If Chilango Express had been around when I still lived within walking distance of the gas station it's in, I would have been there every day. It's nothing pretty to look at, being inside a gas station and all, but you know that when a place makes tortillas by hand it's going to be good. Take advantage of that and try a gordita or huraches, both of which use a thick corn masa cake that's griddled before being topped (huraches) or cut open and filled (gordita). You can get your tacos topped with nopales, or squash blossoms, in season. On weekends, look for specials like tamales, barbacoa with goat or lamb, and menudo.


Fratelli's

facebook.com/Fratellis 

6202 W. Lincoln Ave.

Housed in what used to be a Dairy Queen (oh the memories of Nerds Blizzards), Fratelli's is a pizza joint with subs, sandwiches, and Chicago-style Italian beef and sausages. The pizza style is a cross between NY and Milwaukee styles: The crust is thicker and more chewy than cracker crust, but with an even thickness throughout. Some pizzas are square cut like Milwaukee style and some are pie cut. Their version of a traditional margherita pizza uses a thick tomato sauce and sparse application of fresh mozzarella. Pizzas like the classic deluxe don't skimp on toppings, though. If you can't decide between Italian sausage and pizza, then get the B52 bomber pizza, topped with white sauce, sausage and hot giardiniera.


Oscar's Frozen Custard

facebook.com/oscarscustard

2362 S. 108th St.

We used to come here for custard a lot when I was a kid, and the place is still busy, especially on weekends in summer. Nothing about the building has changed much, including the yellow booths and the front sunroom area. Grasshopper pie and Oscar's delight are some of my favorite flavors, but any of them are great when you get them in the fresh waffle cones you can see the employees press and roll behind the counter. Burgers are still pretty tasty, and cheaper than other custard spots. There are two other Oscar’s locations as well, in Waukesha and Franklin, but it's only this one that will ever feel right to me.

 

Lucky Bakery & BBQ

11078 W. National Ave.

Again, a strip mall in West Allis holds a dining gem. It's pretty much take-out only, with one side of the counter holding hot items and the other side a refrigerated case holding bakery.

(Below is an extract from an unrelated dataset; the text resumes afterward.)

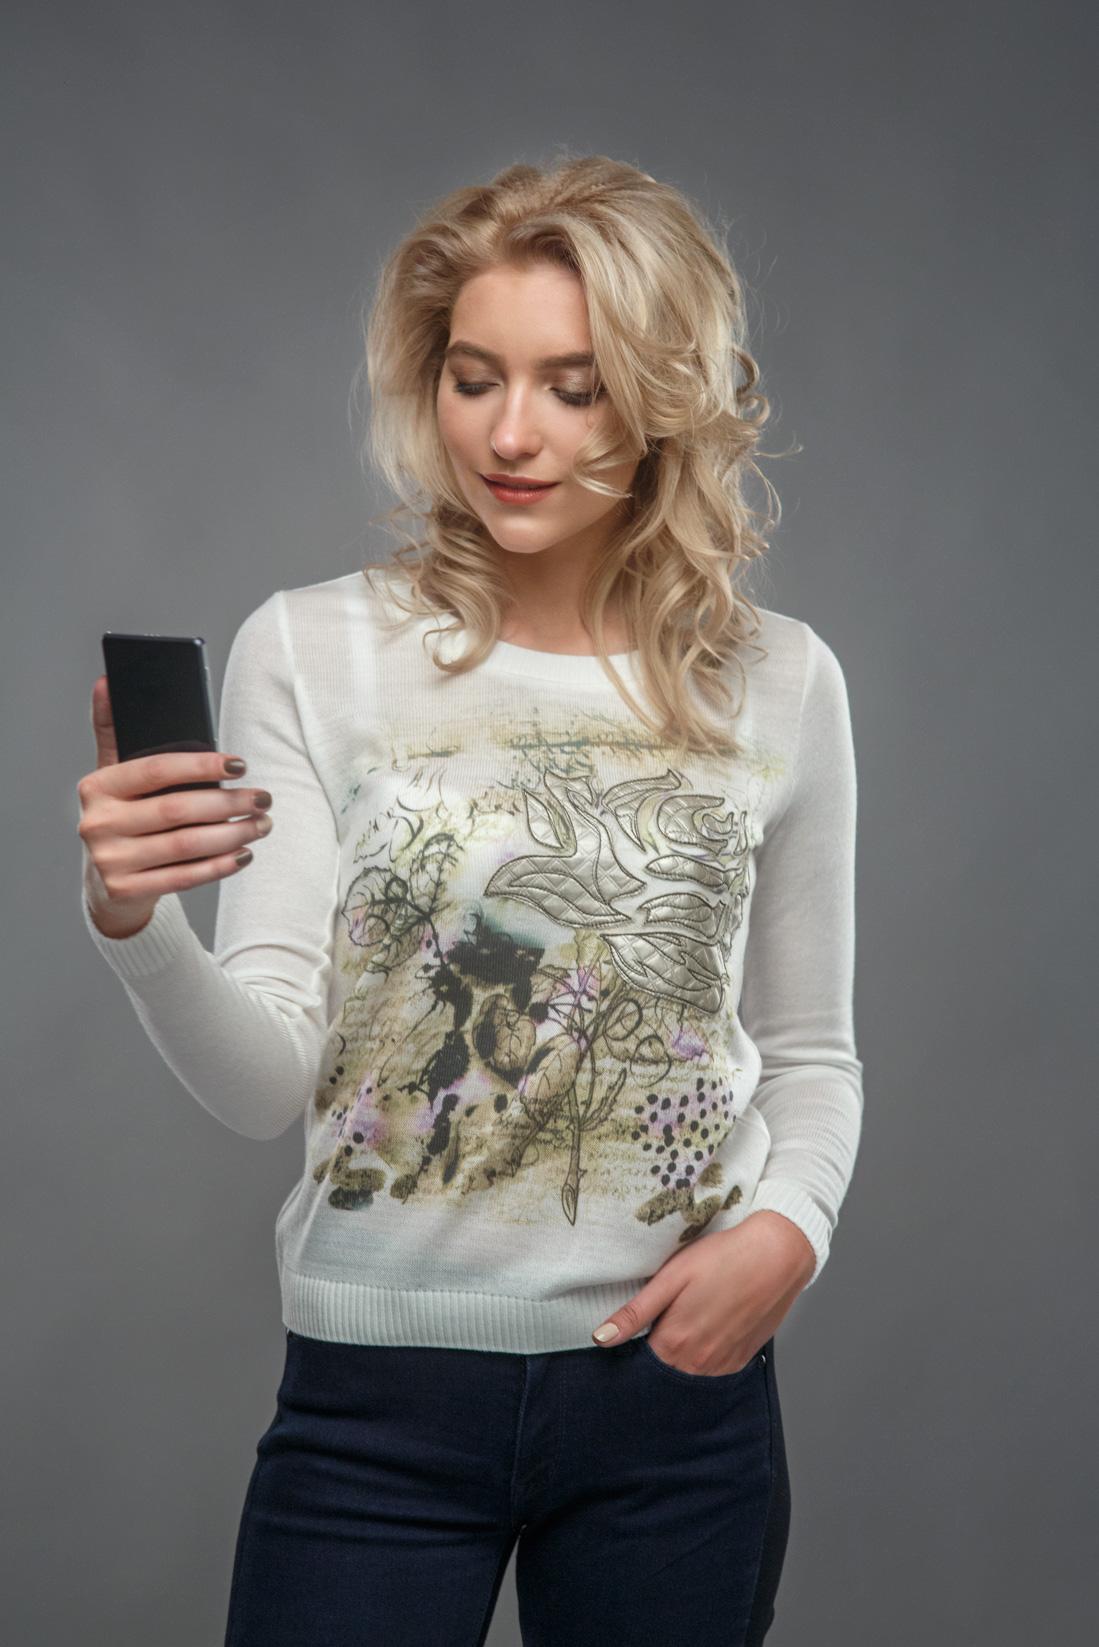 Сбор заказов. Цены еще ниже!!!Супер-распродажа на все коллекции,супер-низкие цены!!! Романтичная, натуральная, всегда красивая белорусская Lеntа.Чувственная, нежная, женственная, сводящая с ума-75!!!
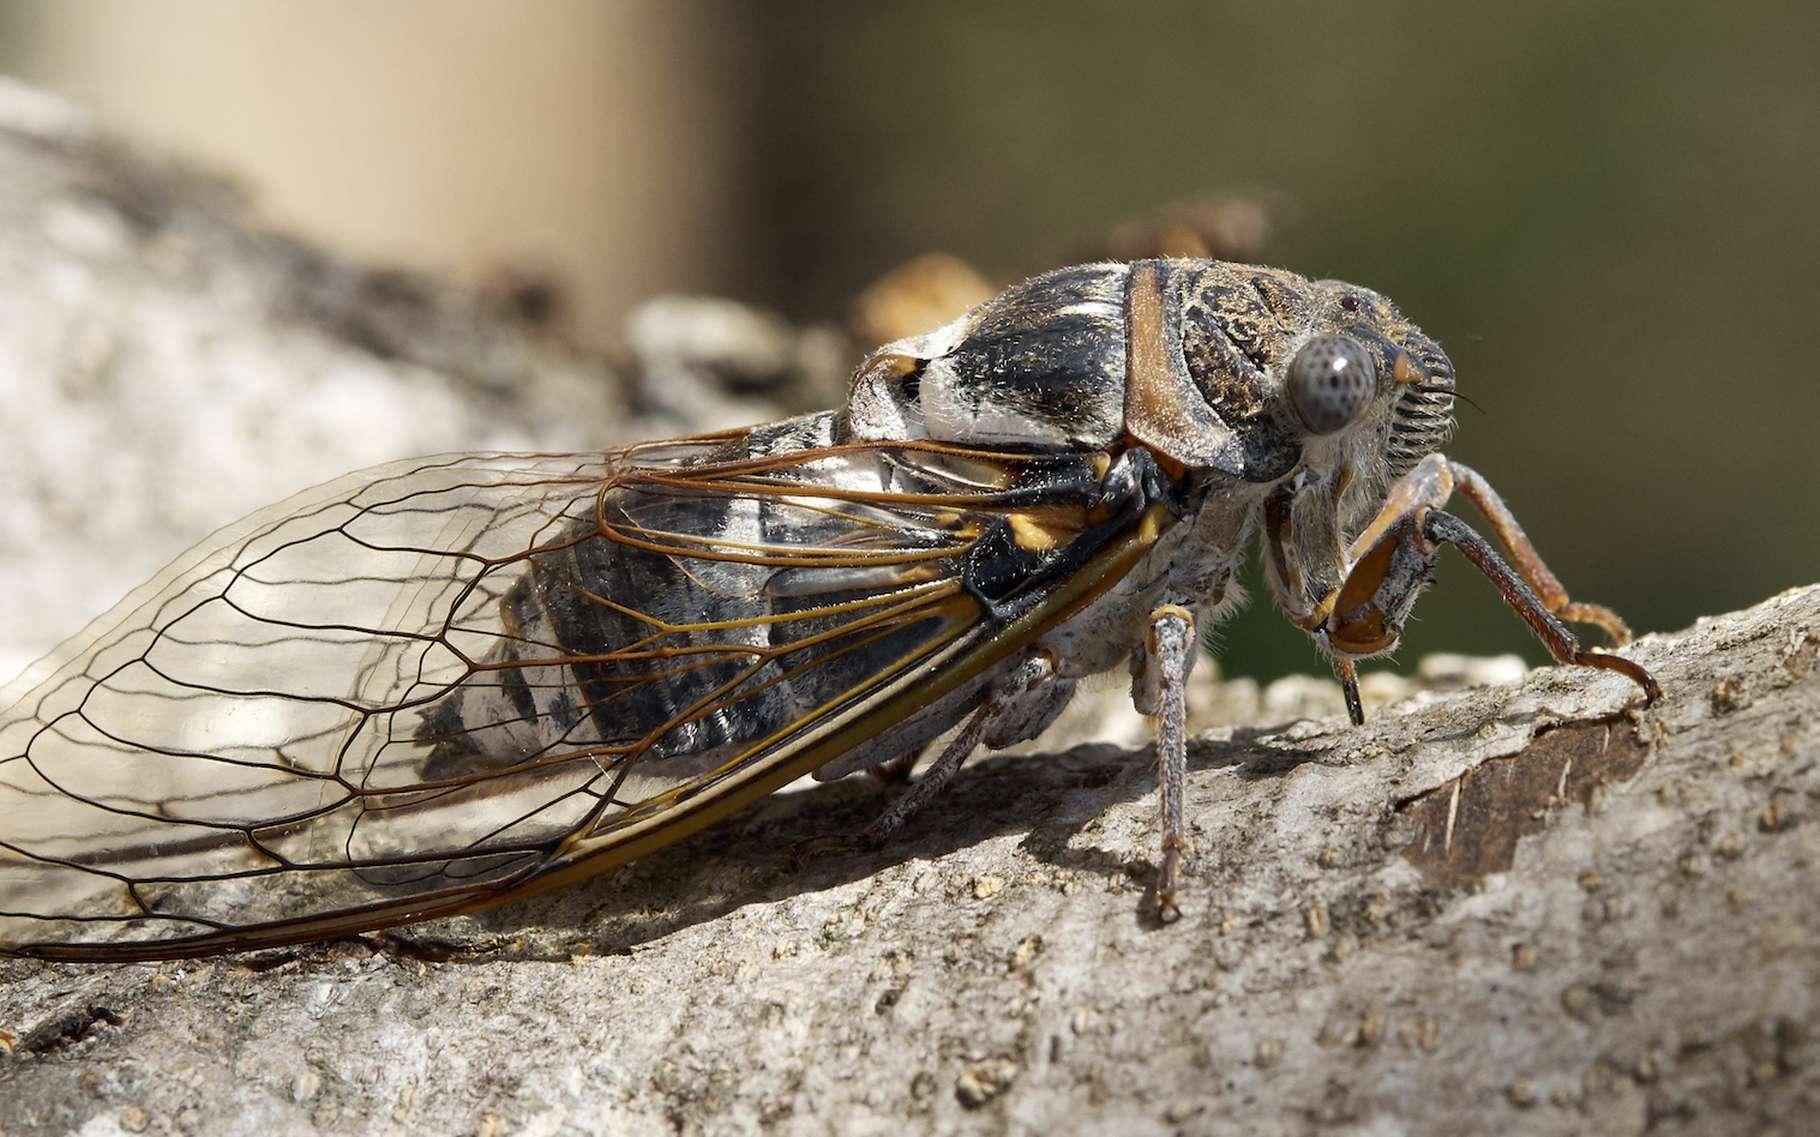 La fréquence et la modulation du chant des cigales sont propres à chaque espèce. Objectif : séduire des femelles de la même espèce que celle du mâle auteur du chant. © Sputniktilt, Wikipedia, CC by-sa 4.0

The menu is brief, but the space is small, so they do just a few things, really well. Roast duck is probably the main attraction, with a deep red skin that you buy whole or by the half. Roast pork belly comes with crispy, crackling skin. Chickens are also available. On the bakery side are savory and sweet pastries and buns, like ones filled with ham and eggs, winter melon or sweet bean paste. On top of the case you'll find dumpling-like translucent crepes with various fillings in takeout containers, complete with dipping sauce.


Grebe's Bakery

facebook.com/Grebesbakery

5132 W. Lincoln Ave.

Grebe's has been around since 1937, and in its current location on Lincoln since 1957. They're best known for their donuts, including apple fritters, cheese pockets, crullers, and of course, paczki. As is Milwaukee tradition, you can get hot ham and fresh rolls on Sundays, when the line snakes around the shop. Most people don't realize, though, that besides making you a deli sandwich, Grebe's also has hot breakfast and lunch specials every weekday. You can get things like grilled ham and cheese, broasted chicken, meatball subs and even tacos on various days of the week. It's just another reason you should stop at Grebe's if you haven't been in lately.